Seu nome é Gal
Revista Visão - 24/01/1979
Por Joaquim Ferreira dos Santos
Material disponibilizado por Antonio Saldanha no Site Argentino.
Ainda. E agora, depois dos 30, muito melhor.
Por uma última vez, no ano passado, no show "Com a boca no Mundo", ainda se apresentou de guitarra em punho e roupa de couro justíssima, como se acabasse de pular da motocicleta transviada de Marlon Brando em "O selvagem".
Mas levou um tombo: fora de seu tempo, Gal era apenas uma triste nostálgica dos dias em que, aos gritos, libertou as cantoras brasileiras da rigidez técnica e dos bons modos em cena.
Seja pelos 33 anos, seja pela psicanálise diária, a verdade mais evidente do atual show GAL TROPICAL (Teatro dos Quatro, Rio de Janeiro) é que a guerrilheira dos anos 60, a proclamar a criatividade e o poder dos jovens, convenceu-se de que há também beleza na maturidade. E parece feliz, de bem com todos. Acabaram-se os excessos cênicos, a platéia é agora um grupo de amigos que se procura agradar - Gal quer ser profissional. E consegue: poucas vezes apresentou-se no palcos da cidade, reino de amadores esforçados, algo tão curioso e bonito.

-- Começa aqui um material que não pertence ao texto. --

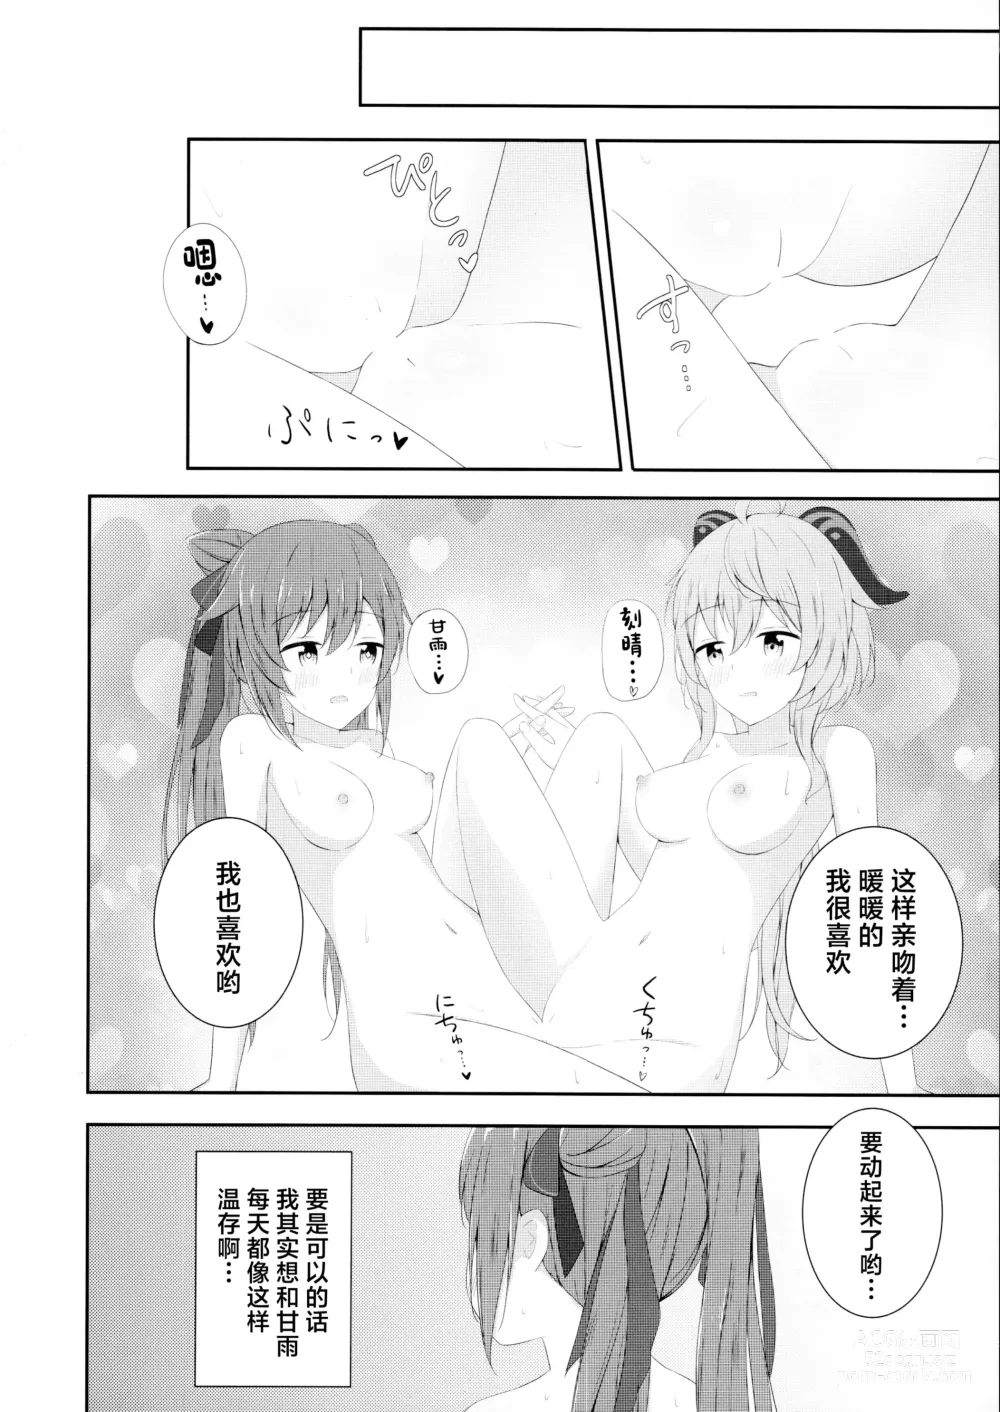 Page 23 of doujinshi KokuKan wa Echi ga Shitai!
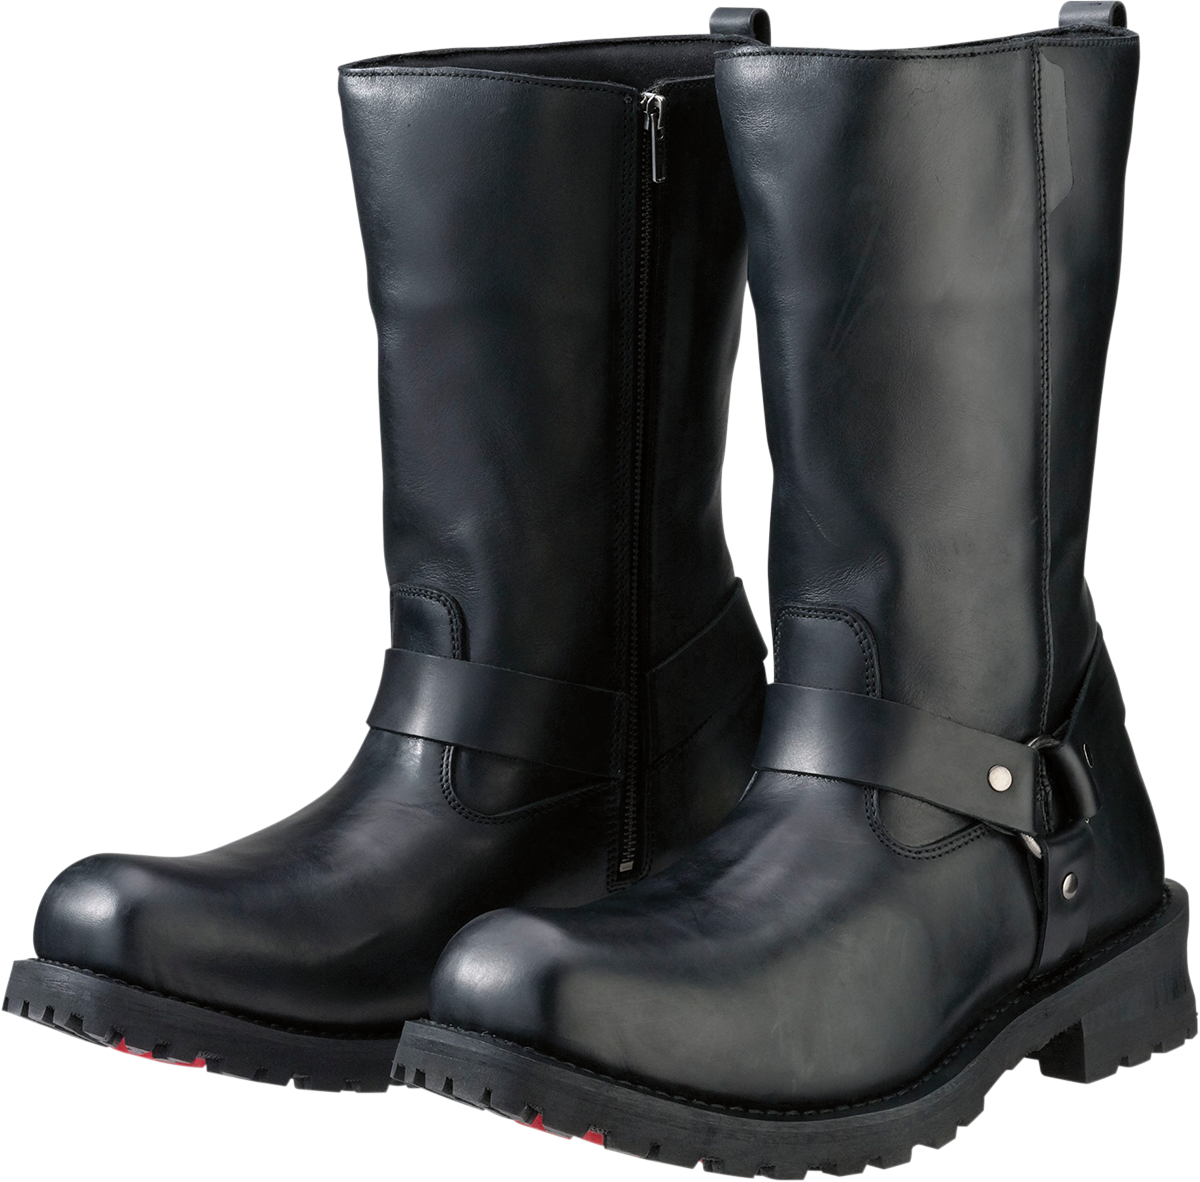 Z1R Riot Boots - Black - US 7 3403-0751

Respirando fundo - Às vezes sutil, essa maturidade se reflete na sensualidade, que não desapareceu, mas mudou. Gal continua bonita, sorri dengosa, surge no palco por uma escada negra de frisos coloridos em neon e veste-se com uma rumbeira cor de abóbora, que gentilmente permite a visão de suas coxas. Não há mais, porém, banquinhos destinados a posições maliciosas nem encenações tipo "olha como eu sou gostosa". Também na interpretação percebem-se sinais de evolução: por sapato alto 7,5 e uma Gal com 49 kilos, 12 a menos que em 1968. A impressão é a de que vai começar um bom show de Carlos Machado na boate Night and Day. Como cenário, colocaram-se apenas sete palmeiras sobre um fundo negro. "O importante é a alegria", reconhece o empresário e agora também diretor Guilherme Araújo, 44 anos. "Não tive medo de clichês",
Antes de tudo, iniciando a apresentação, corta a cena o pandeirista Zizinho, solando com o mesmo charme sorridente dos sambistas de Sargentelli. Gal Costa, ex-musa tropicalista, acompanhada por músicos de escola de samba carioca? "Ela nunca tinha ocupado esse espaço do samba assim tão marcado, eu achei que ficava bem com a nova imagem", diz Guilherme Araújo. Mas as surpresas seguirão até o final, neste show cheio de outras exaltações à música brasileira. Gal sempre gostou de Janis Joplin, Billie Holiday, mas dessa vez, fez reverência mais as nossas grandes intérpretes: do repertório de Carmen Miranda, Gal brinca com os graves da primeira parte da marchinha "Balancê", da dupla de ouro dos carnavais, Braguinha e Alberto Ribeiro. Passa por Dalva de Oliveira, discotecando "Olhos verdes", de Vicente Paiva. Do repertório de Emilinha Borba canta o bolero "Dez Anos".
Irresistível - Em cada uma dessas músicas, Gal deixa claro ter superado qualquer desequilíbrio entre a técnica e emoção. "Olha", de Roberto Carlos, transforma-se de repente, para horror de alguns, em "Folhetim", de Chico Buarque, cantado como se Gal, escorada num poste da Lapa, imitasse as tristes contorções de alguma decaída desesperada. Consegue ser eficiente. Em "Força Estranha", de Caetano Veloso, o mistério do ato de criar é cantado junto aos que cultuam a beleza - tudo muito simples, mas armado com evidente carinho. A luz pulsa colorida nos ritmos fortes e esfria exata nos climas românticos. No bom conjunto de músicos, dois ritmistas distribuem alegria traçando coreografias ingênuas.
O final é irresistível: já com uma nova roupa prateada coberta de féricas lâminas aluminizadas, guitarra e cantora imitam-se mutuamente em "Meu nome é Gal", lento blues de início que estoura em violenta batucada.
De novo sambista, os braços levantados no alto da escada, Gal evoca Virgínia Lane cercada de batuqueiros em saudação. Louvam como o público, nesse momento de pé, a madura felicidade de uma artista que renasce em paz com seu tempo.